Sebagai gambaran, 1 galon setara dengan 3,785 liter. Dengan harga 3,92 dollar AS per galon, maka harga per liter sekitar 1,04 dollar AS. Jika dikonversi ke rupiah, nilainya setara sekitar Rp 17.530 per liter (dengan asumsi kurs Rp 16.933,5 per dollar AS).
Lonjakan harga bensin terjadi meski Presiden AS Donald Trump telah berupaya menekan kenaikan harga dan mengatasi gangguan pasokan.
Analis memperkirakan harga masih akan terus meningkat seiring lonjakan harga minyak mentah.
Baca juga: Menkeu Purbaya Pastikan Harga BBM Subsidi Tak Naik hingga Akhir Tahun
Harga minyak mentah berjangka West Texas Intermediate (WTI) AS tercatat naik hampir 30 dollar AS atau 43 persen, dari 67,02 dollar AS menjadi 96,14 dollar AS per barel dalam periode yang sama.
Analis GasBuddy, Patrick De Haan, menyebut harga BBM kemungkinan segera menembus angka psikologis baru.

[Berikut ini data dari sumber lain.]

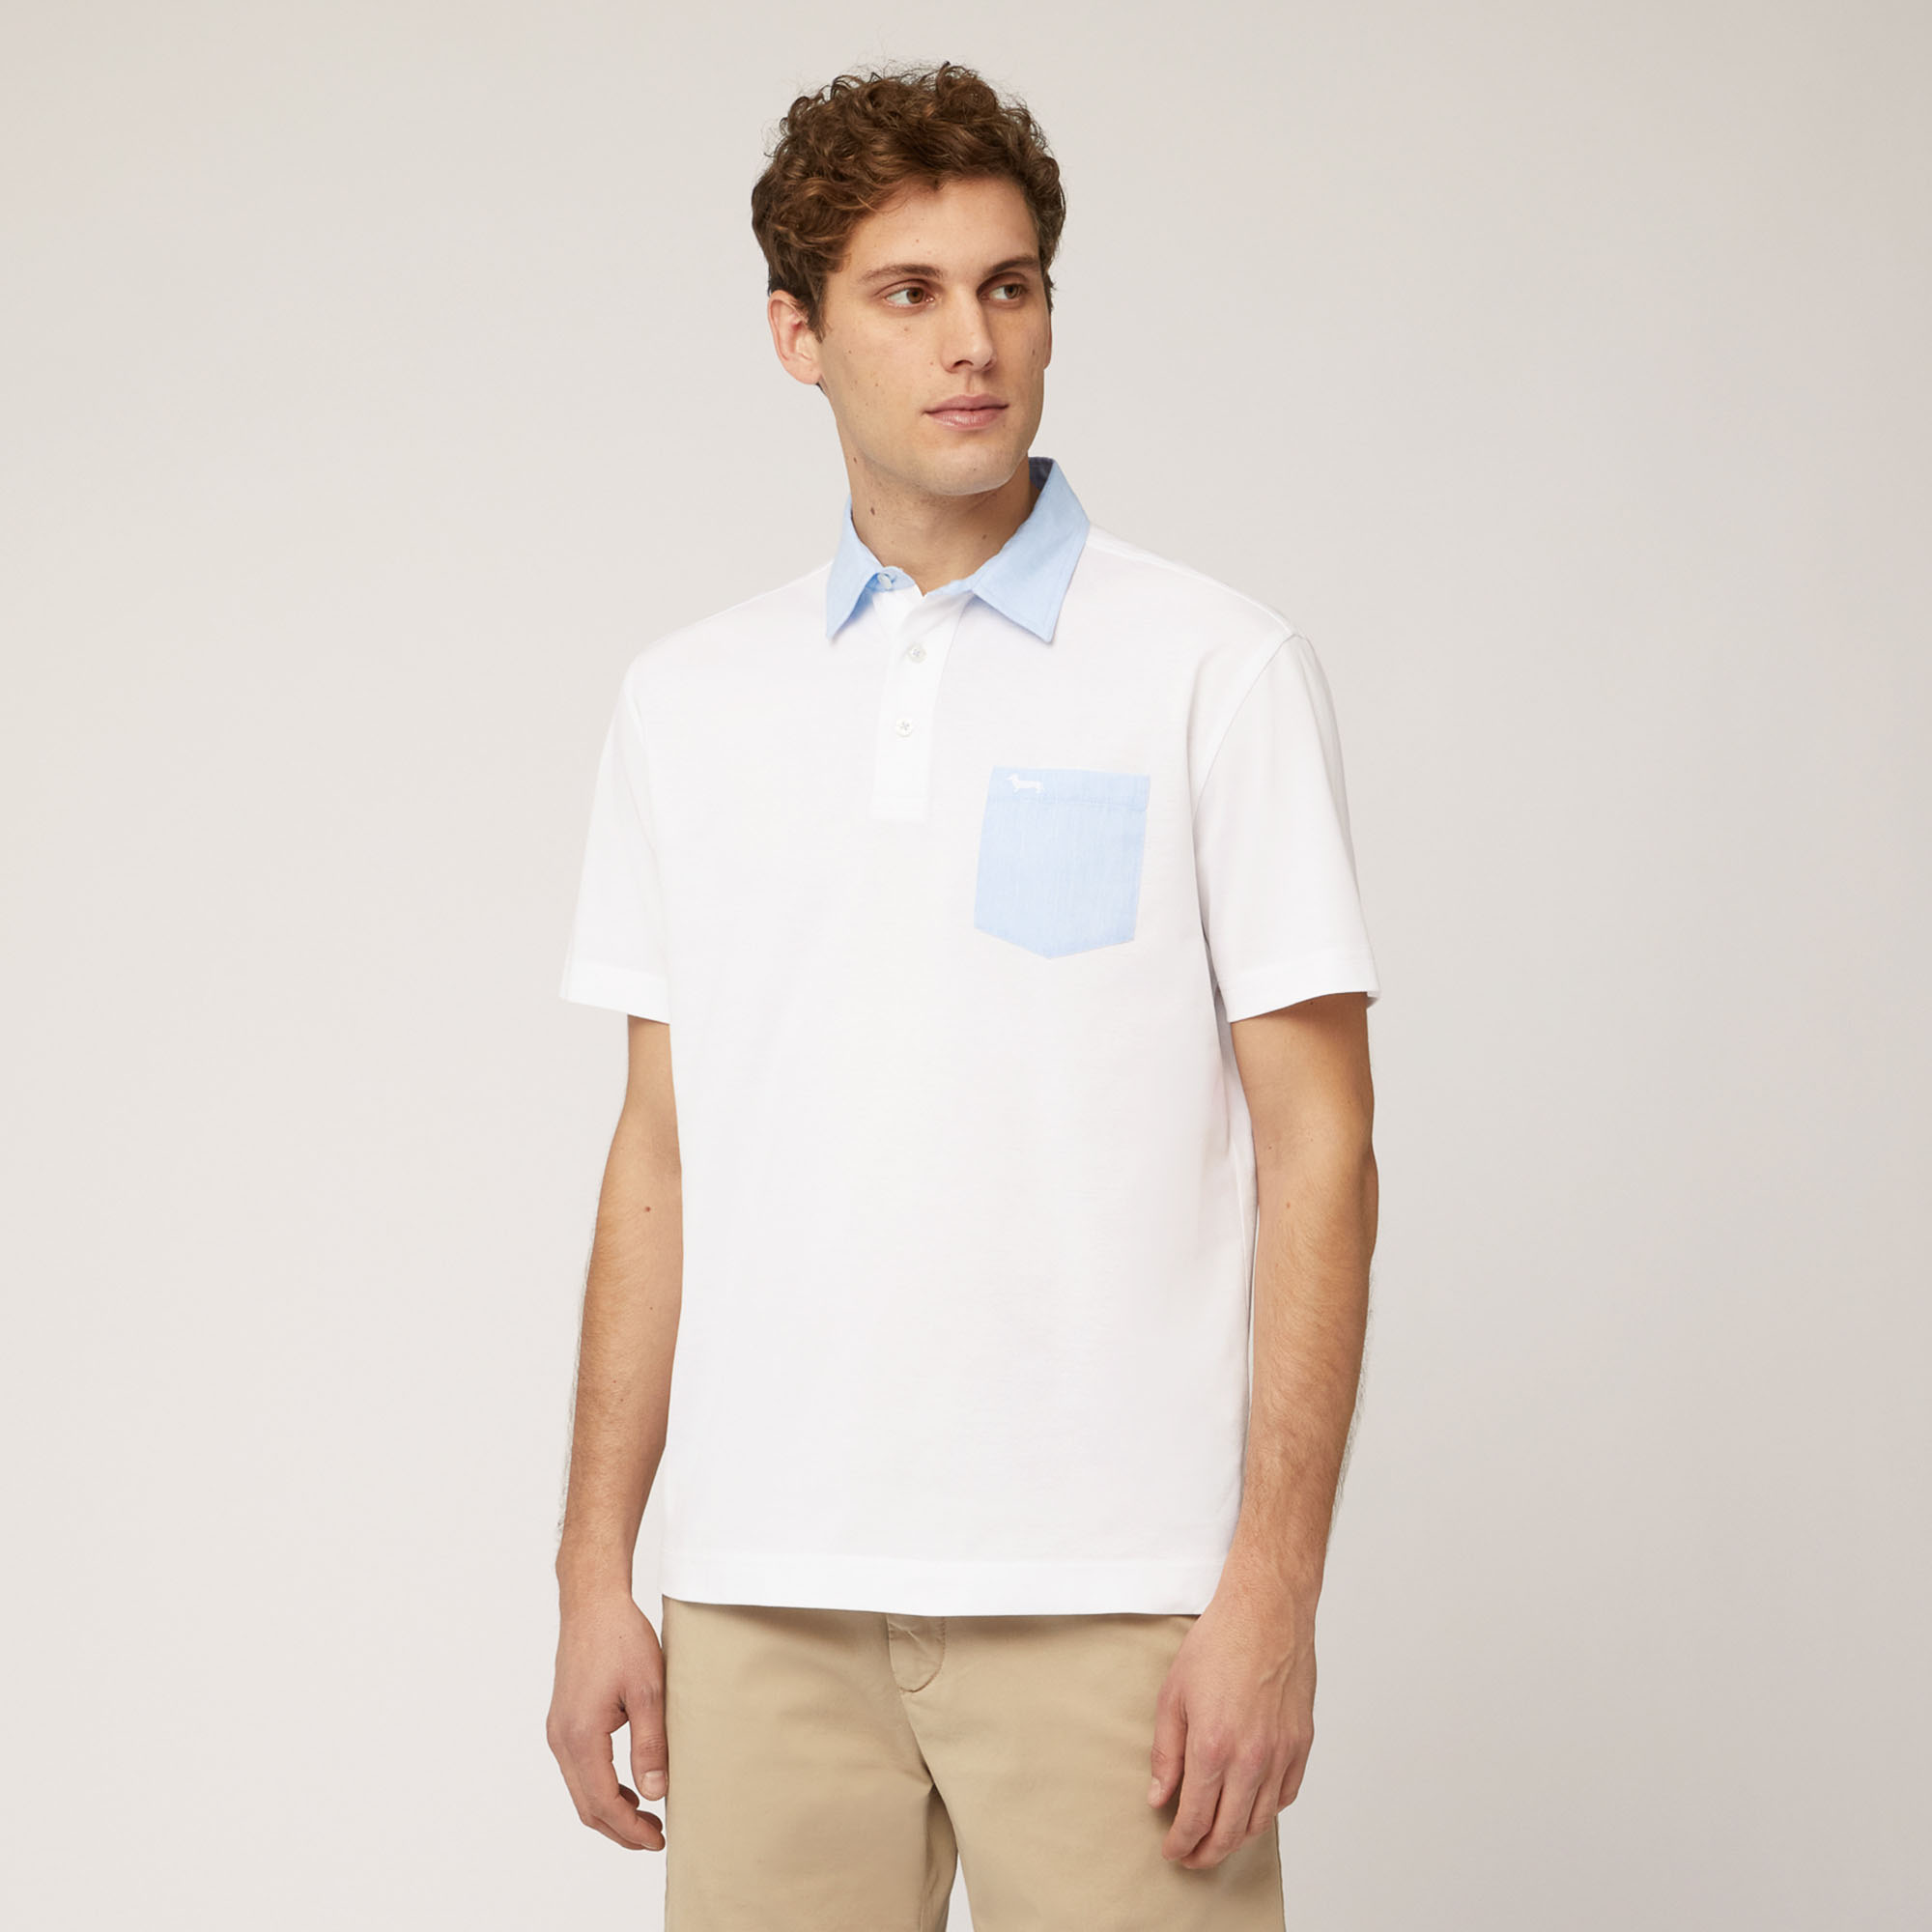 Poloshirt mit Brusttasche, Weiß, large image number 0

"Sekarang tampaknya bensin akan mencapai 4 dollar AS per galon, dan bisa naik menuju 4,10 dollar AS per galon atau lebih," tulisnya di platform X.
Level 4 dollar AS per galon terakhir kali tercapai pada Agustus 2022. Kenaikan ini berpotensi menambah tekanan bagi konsumen yang sudah terbebani inflasi.
Lonjakan harga BBM juga menjadi tantangan politik bagi Trump dan Partai Republik menjelang pemilu paruh waktu Kongres AS pada November 2026 mendatang.
Baca juga: Trump Sebut AS-Iran Berunding Akhiri Perang, Harga Minyak Dunia Langsung Jatuh 11 Persen
Sebelumnya, Trump berjanji akan menurunkan harga energi dan meningkatkan produksi minyak serta gas domestik.
Namun, sejauh ini masa jabatan keduanya diwarnai oleh pasar yang bergejolak, perubahan kebijakan seperti tarif, serta ketegangan geopolitik.
Perang antara AS dan Israel melawan Iran turut mengganggu pasokan dari salah satu kawasan penghasil minyak terbesar di dunia.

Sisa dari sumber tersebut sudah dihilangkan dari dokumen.